El legado colonial de México
Las conquistas fueron empresas de ejercicio de la violencia tanto física como simbólica sobre los habitantes y los paisajes de América auspiciadas por la Iglesia, la corona y un grupo de inversionistas europeos, con el fin de extraer bienes con los cuales generar un capital que les sirvió para expandir ilimitadamente o consolidar el dominio religioso y comercial, tanto en América como, posteriormente en Asia. En la Nueva España, el modelo de las conquistas se fincó sobre el sistema indígena de producción y distribución de alimentos, al cual los conquistadores y funcionarios añadieron el cultivo del trigo y la explotación laboral ilimitada. Paradójicamente, en las décadas de 1570 a 1590, los reportes de los españoles sobre los indígenas que habitaban en las colindancias de los obrajes españoles insistían en que los indígenas eran gente pobre y muy floja.[5] Una buena cantidad de encomenderos españoles que dieron sus testimonios sobre la vida en la Nueva España del siglo XVI en las Relaciones de Indias deseaba que los indígenas que tenían en encomienda fueran más industriosos y se aficionaran al trabajo en los obrajes. Es interesantes ver que ciertas realidades coloniales, como la falta de iniciativa de los sujetos colonizados, se repiten otras experiencias coloniales a partir del siglo XVI. Así lo reporta Frantz Fanon para el caso de la colonización francesa de África y la liberación de Argelia.
El colonizador nunca dejó de quejarse de que el indígena era lento. Hoy, en ciertos países que se han vuelto independientes, escuchamos a las mismas clases dirigentes repetir la misma queja. La verdad es que el colonizador deseaba que el indígena fuera entusiasta. Por una suerte de proceso de mistificación, el cual constituye la forma más sublime de separación de la realidad, quería persuadir al esclavo de que la tierra que trabajaba pertenecía a él. Que el colonizador era singularmente olvidadizo del hecho de que se estaba volviendo rico por medio de la agonía del esclavo. De hecho, lo que el colonizador estaba diciendo al indígena era: ‘Muérete para que yo me vuelva rico’.[6]
A pesar de su lejanía en el tiempo, el legado colonial en nuestro país se mantiene vivo, entre otras, en las irracionalmente precarias condiciones de trabajo que campean bajo el eufemismo que conocemos como salario mínimo. Durante el siglo XVI se legisló la obligación de pagar un jornal a los trabajadores indígenas, pero en la propia documentación legal posterior se trasluce que el trabajo forzado (y no remunerado) continuaba siendo moneda corriente durante este siglo y los siguientes tres.
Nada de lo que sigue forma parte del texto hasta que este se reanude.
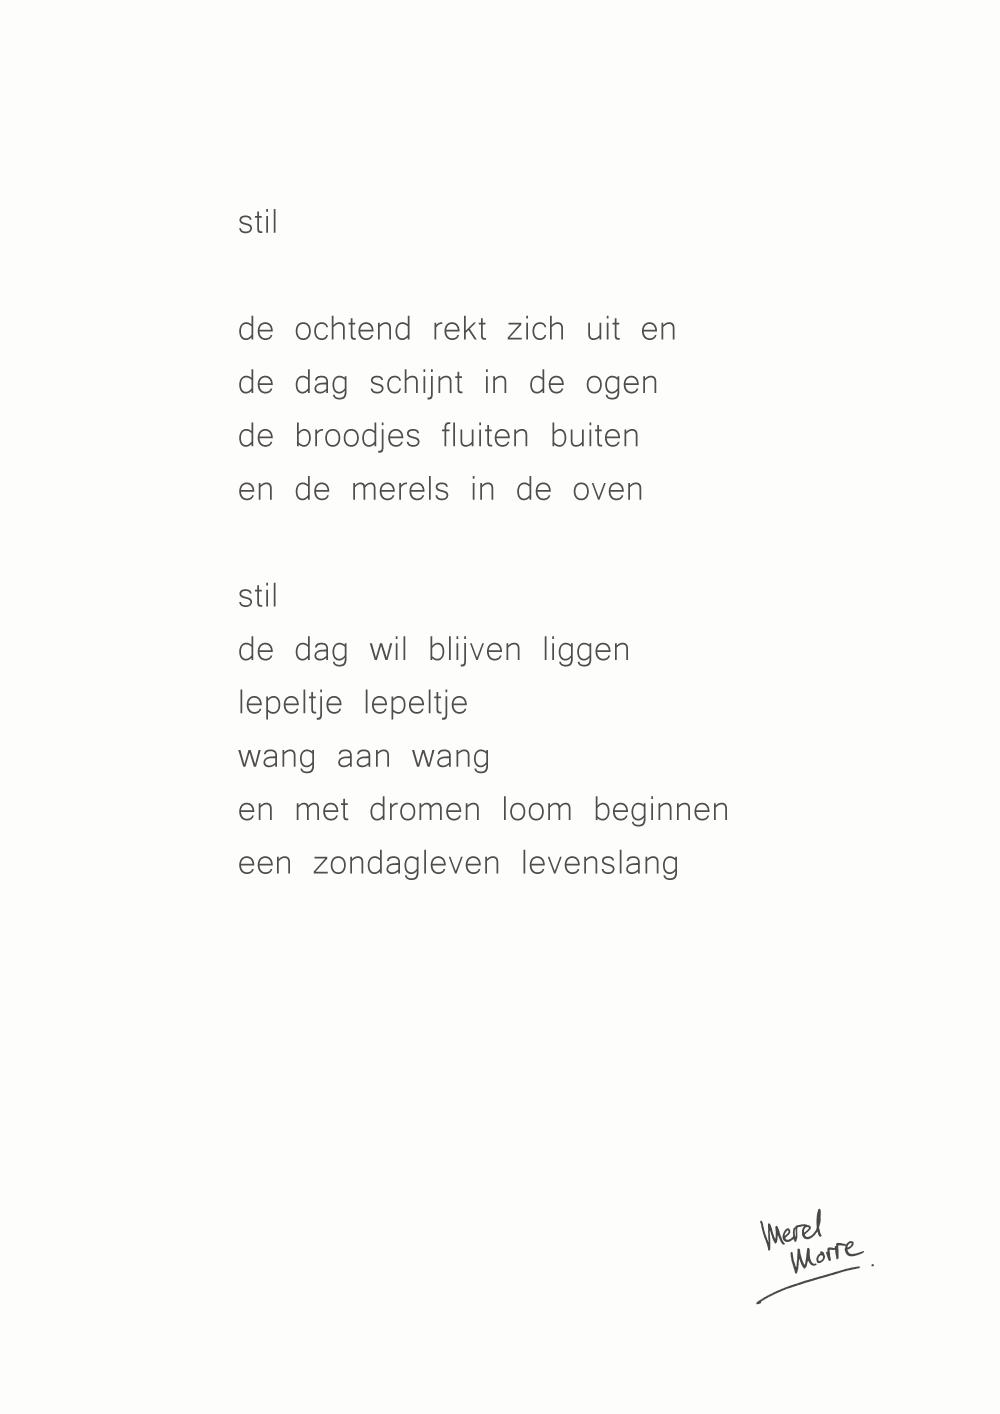 Merel Morre Dichter En Tekstschrijver Woont In Eindhoven

Como menciona el AGN, no fue sino hasta la Constitución de 1917 cuando se estableció que a partir de este año las cámaras de diputados y senadores garantizarían que el salario mínimo fuera suficiente para que los trabajadores mexicanos pudieran tener alimentación, vestido, salud, educación y servicios. Quien gane el salario mínimo sabrá que esto se quedó en letra muerta. Más aún, el problema del salario en nuestro país, como lo cantaba Óscar Chávez (2000, 15), es que quienes deciden sobre cuál debe ser el salario mínimo, nunca tendrán que vivir con un ingreso así. Mi argumento es que, detrás de la idea del salario mínimo, está la idea del valor de la persona y el hecho de que exista una diferencia tan marcada entre las personas que ganan el salario mínimo y las personas que legislan sobre él, tiene sus bases en un colonialismo que erigió a una elite que repetidamente busca autocomplacerse y agrandar las diferencias sociales con base en el ingreso.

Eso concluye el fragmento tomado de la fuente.